Correct me if I'm wrong, those solutions require you to do something to remove the hardware. "Right-click, unmount" or something? I use autofs because it's simple to set up and works 100% as I expect it to. I like to go to a directory (in command line or graphically) and always find /dev/sda1 mounted there automatically. Not have to go to different directories for different usb disks, camera, etc (depending on it's disk label or something?). Then, when I leave the directory or close the window, I like that it's automatically safe to remove :)

----------

## RoundsToZero

Oh yeah, that's true.  Well, I think most of the desktop automounting things handle mounting automatically, but you're right about the unmounting.  I'd always be too paranoid to pull the thing out without checking to see if the timeout happened yet, or that for some reason a lot of data was exchanged and the umount was taking longer than usual... well I'm sure you have a way to deal with that.

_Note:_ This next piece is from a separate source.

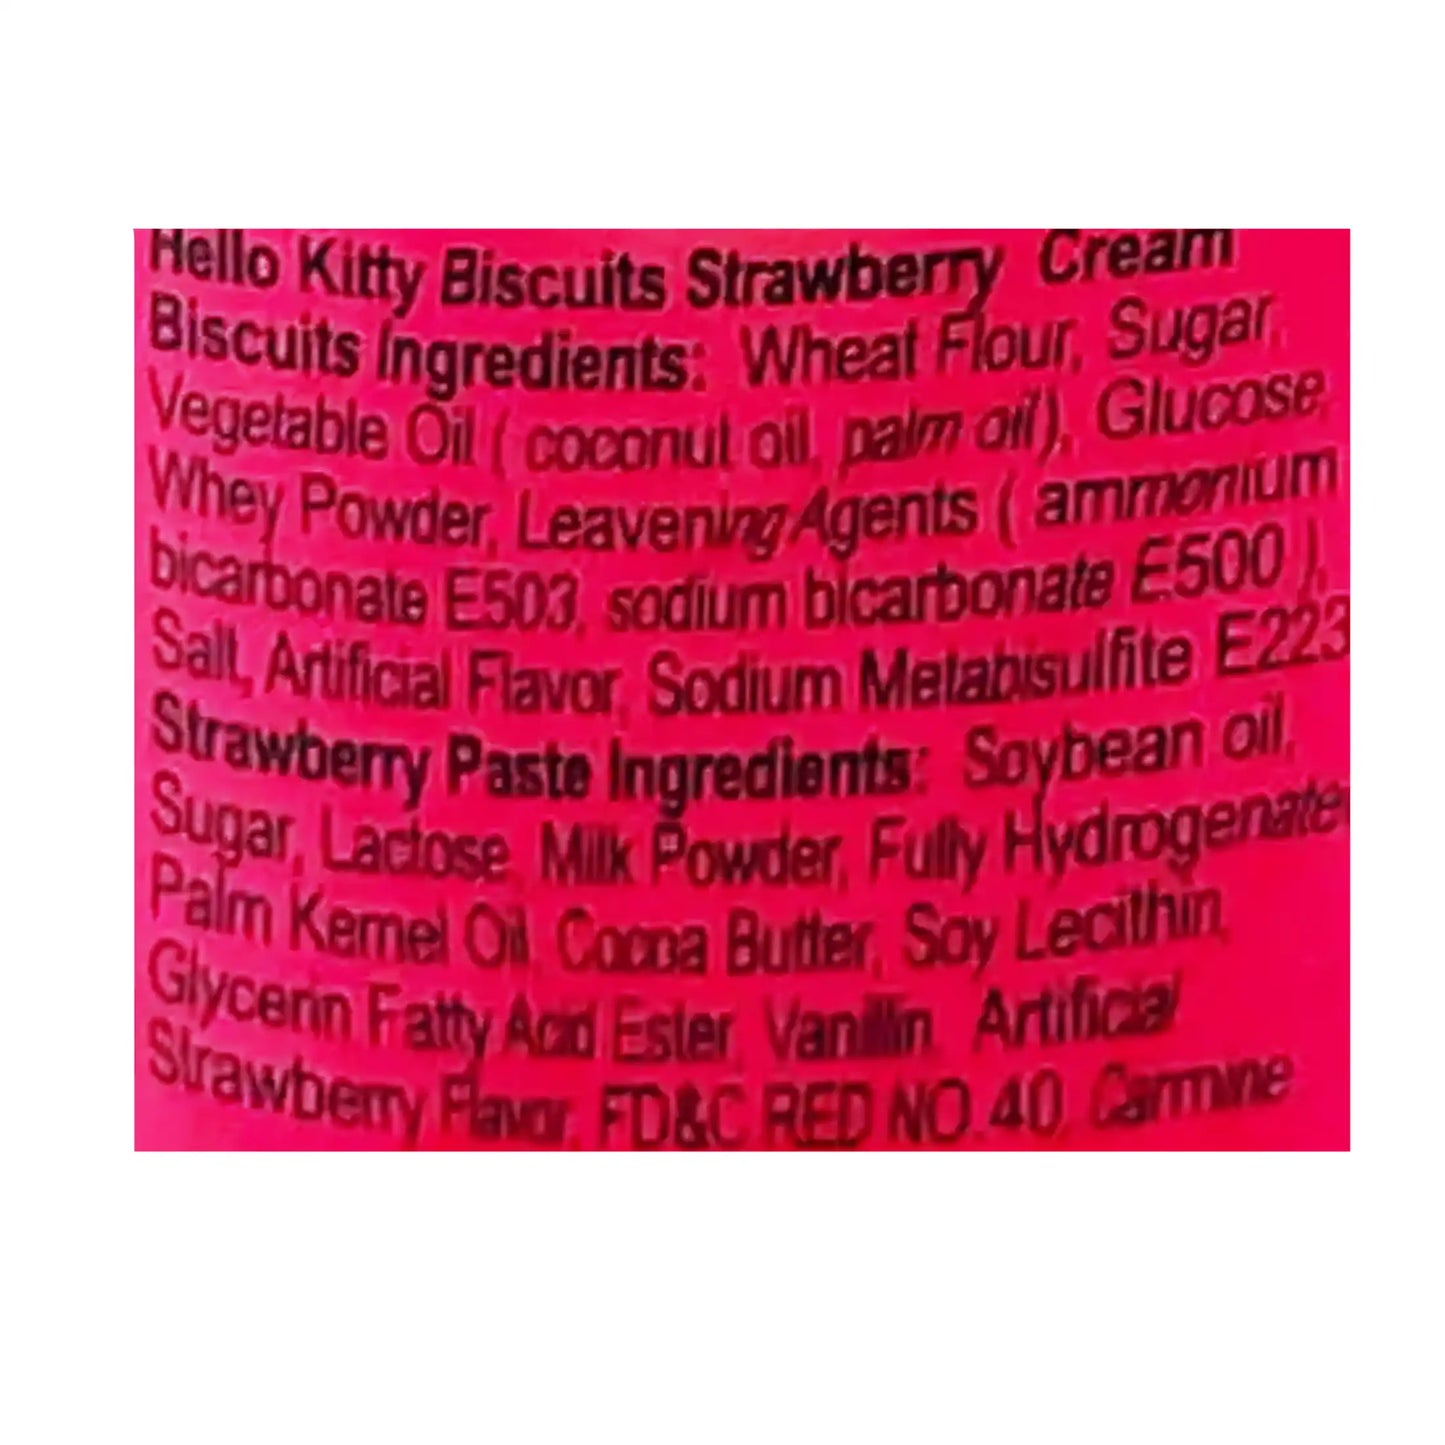 Hello Kitty Biscuits with Strawberry Cream 1.16 oz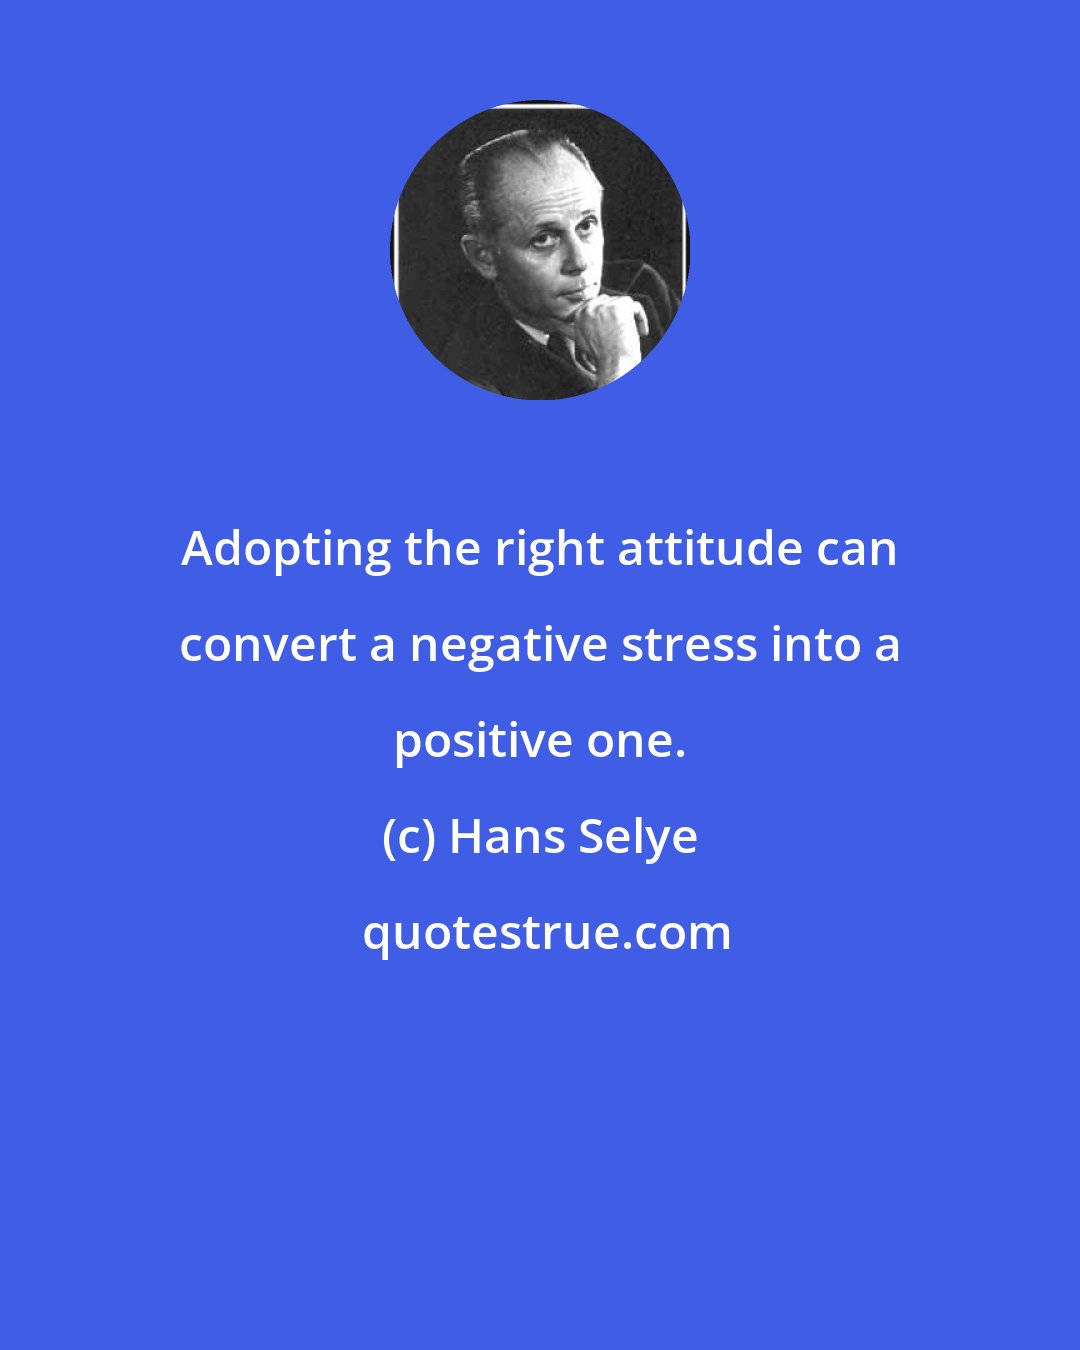 Hans Selye: Adopting the right attitude can convert a negative stress into a positive one.

As for where hal stuff gets mounted under /media, I think the default is based on disk label but you may be able to customize.  I like autofs but I think I got a bad impression from the fact that I usually use it with the auto.net script and flaky NFS servers that have a habit of hanging the mount point when they go down, sometimes requiring a reboot to reset autofs.

----------

## vandien

Yeah, I was paranoid for a while until I got used to it. Primarily I use it on usb memory sticks that flash when they're active, or CD's that hitting the button on the front is useless unless it's unmounted first. I stopped using NFS altogether for that reason :P

----------

## intimidat0r

.Last edited by intimidat0r on Wed Oct 14, 2020 12:24 am; edited 1 time in total

----------

## vandien

 *intimidat0r wrote:*   

> But thanks, putting all the configuration files in /etc/autofs worked perfectly. Hrm, that's not what it said on the web pages I was reading. :/

 

Gentoo sometimes changes things from upstream. Usually I look for specific Gentoo documentation before looking at upstream or generic documentation. Most of the time Gentoo docs are better anyways :)

google: gentoo <whatever>

----------

## cgmd

intimidat0r wrote: *Quote:*   

> Well the main issue is that I'm a fluxbox user 

 

Interesting, in as much as the two machines, in which I have been unable to get autofs working properly, use fluxbox. While, on the other hand, my third gentoo machine uses KDE, and autofs works perfectly!  :Confused: 

Is it possible that this could be a fluxbox vs. KDE issue?

BTW, the autofs config files are located in /etc/autofs, for all three of my machines, so that, at least, isn't my problem. 

Does anyone know if there are any KDE elements that facilitate autofs, that may be lacking with fluxbox?

Thanks!

----------

## vandien

 *cgmd wrote:*   

> Does anyone know if there are any KDE elements that facilitate autofs, that may be lacking with fluxbox?

 

No, there shouldn't be... autofs doesn't depend on anything graphically. It should work just as well without X running as it does with fluxbox or KDE. Try closing X out completely and logging in as root to the console, then test autofs. Check to make sure the version of udev is the same on all machines? Or maybe hal/dbus, though I don't think they affect autofs...

----------

## cgmd

vandien...

"closing X out completely and logging in as root to the console, then test autofs" -> still doesn't automount

"Check to make sure the version of udev is the same on all machines? Or maybe hal/dbus" -> identical on all machines

I'm grasping at straws!   :Sad: 

Thanks!

----------